Starting in high school I was drawn to leadership and joined the student association. I almost didn’t join, however, because I talked myself out of running for office before I submitted my name.
My grandpa asked why I wasn’t going to run. I shared with him that I wasn’t popular and outgoing, which meant no one would vote for me, so I was saving myself the hassle and heartache.
He donned his serious pastoral face and told me what turned out to be highly useful leadership advice.
“Now Buddy,” he began, using my nickname, “you won’t know unless you try.”
But he didn’t stop there. The next part has stuck with me through the years.
“Leaders don’t make decisions for others. Leaders also don’t let their assumptions get in the way of doing their best and following their dreams.”
He continued, “If you don’t run, you’re guaranteed not to get the position, but if you run and let others make their own decisions, then your dream is 100% more likely to come to pass.”
I slipped into the student association office the next day.
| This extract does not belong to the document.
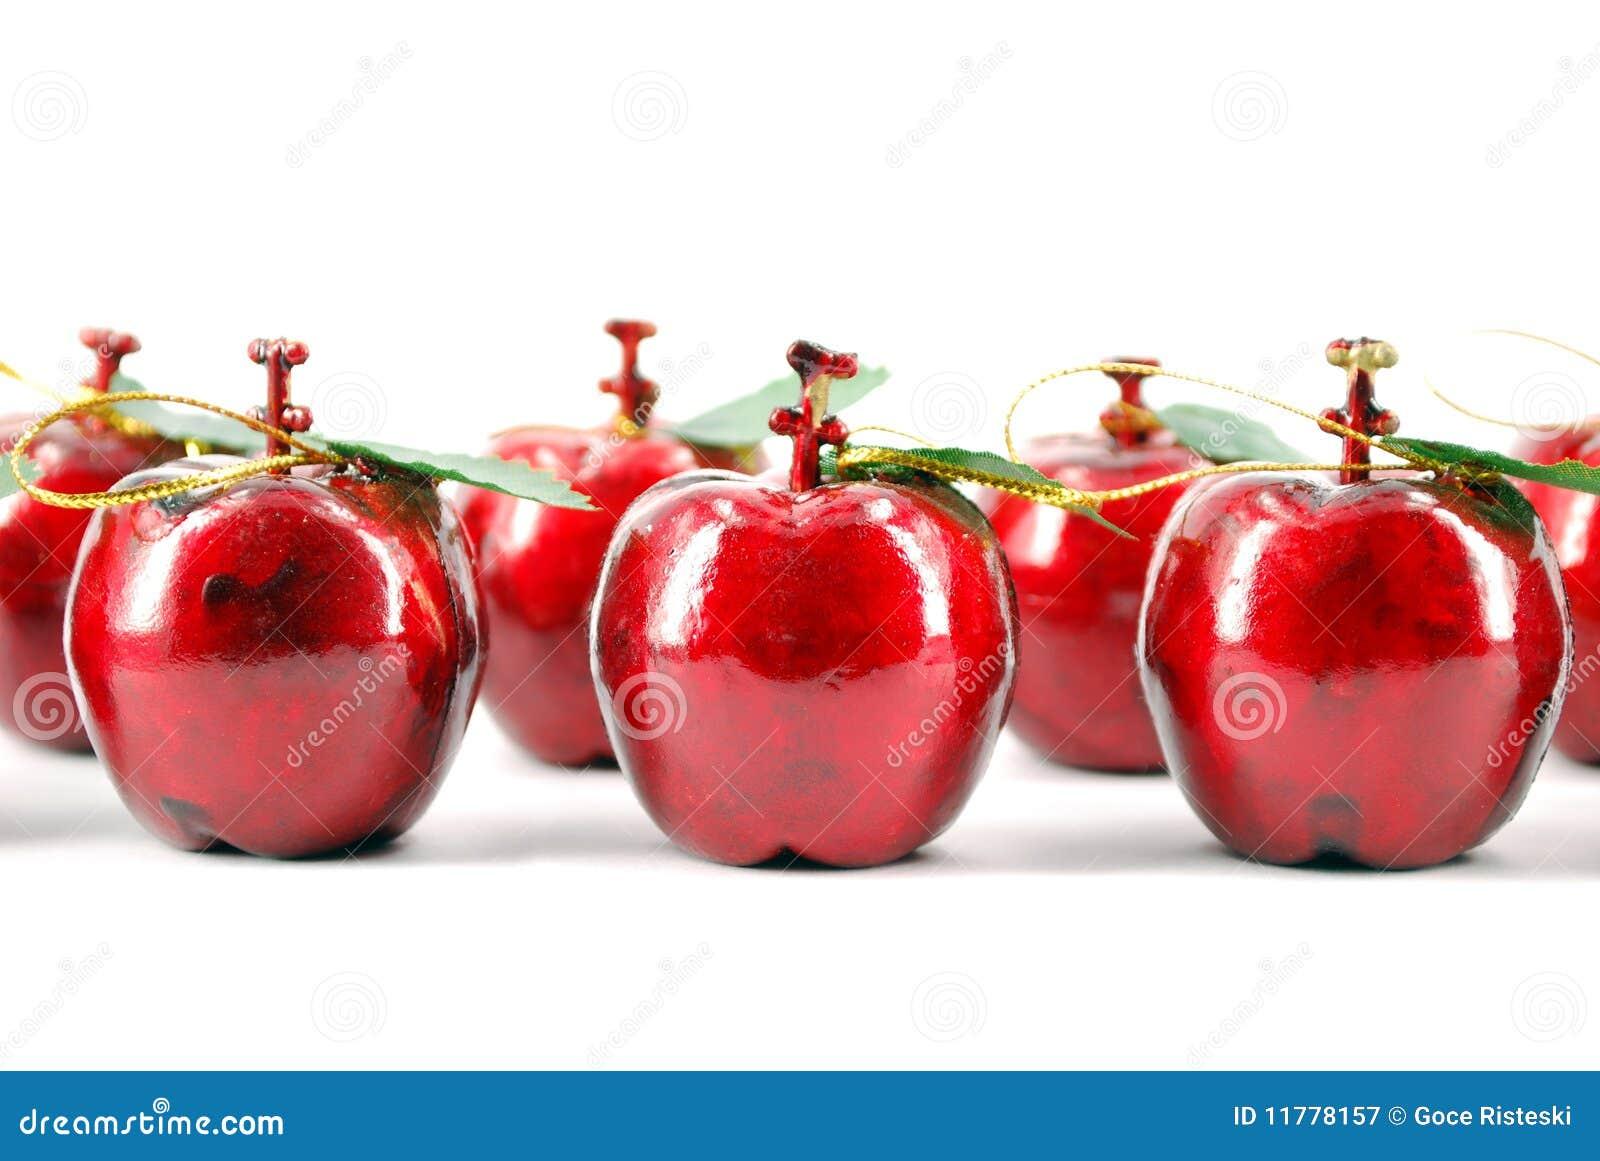 d coration rouge de no l de pomme photographie stock libre de droits image 11778157. Black Bedroom Furniture Sets. Home Design Ideas

It turns out no one wanted to run for treasurer. Perfect! Instead of a popularity contest, it was a person vs. no person contest.
An introvert like me was much more likely to win that type of vote. So I submitted my name.
Thankfully, I didn’t feel the sting of defeat to a “no” checkbox and was voted as student association treasurer.
I discovered two things while on the student association that year: (1) I disliked being treasurer and (2) being extroverted and popular didn’t necessarily make a good leader.
In fact, the best and most dependable leaders on the student association tended to be the less popular, more introverted people.
Those that didn’t waiver over what others thought.
Those who could work on their own and also in groups.
Those who talked less and listened more.
Those who focused on the merit of the idea rather than the person who presented the idea.
Popularity tends to belong to those who are extroverted and outgoing. This is true in high school, but it can also extend to the work place. (I recognize this is a blatant blanket statement that applied to my high school experience and does not necessarily reflect everyday reality.)
The same is true in the work place as in high school: popularity does not make for the best leaders.
The best leaders are self-aware, relationally transparent, balanced in their decision-making, and possess an internal moral perspective that drives all they do.
In short, the best leaders don’t have a specific personality.
The best leaders are authentic to the personality they own and seek to improve it daily for the betterment of themselves and those around them.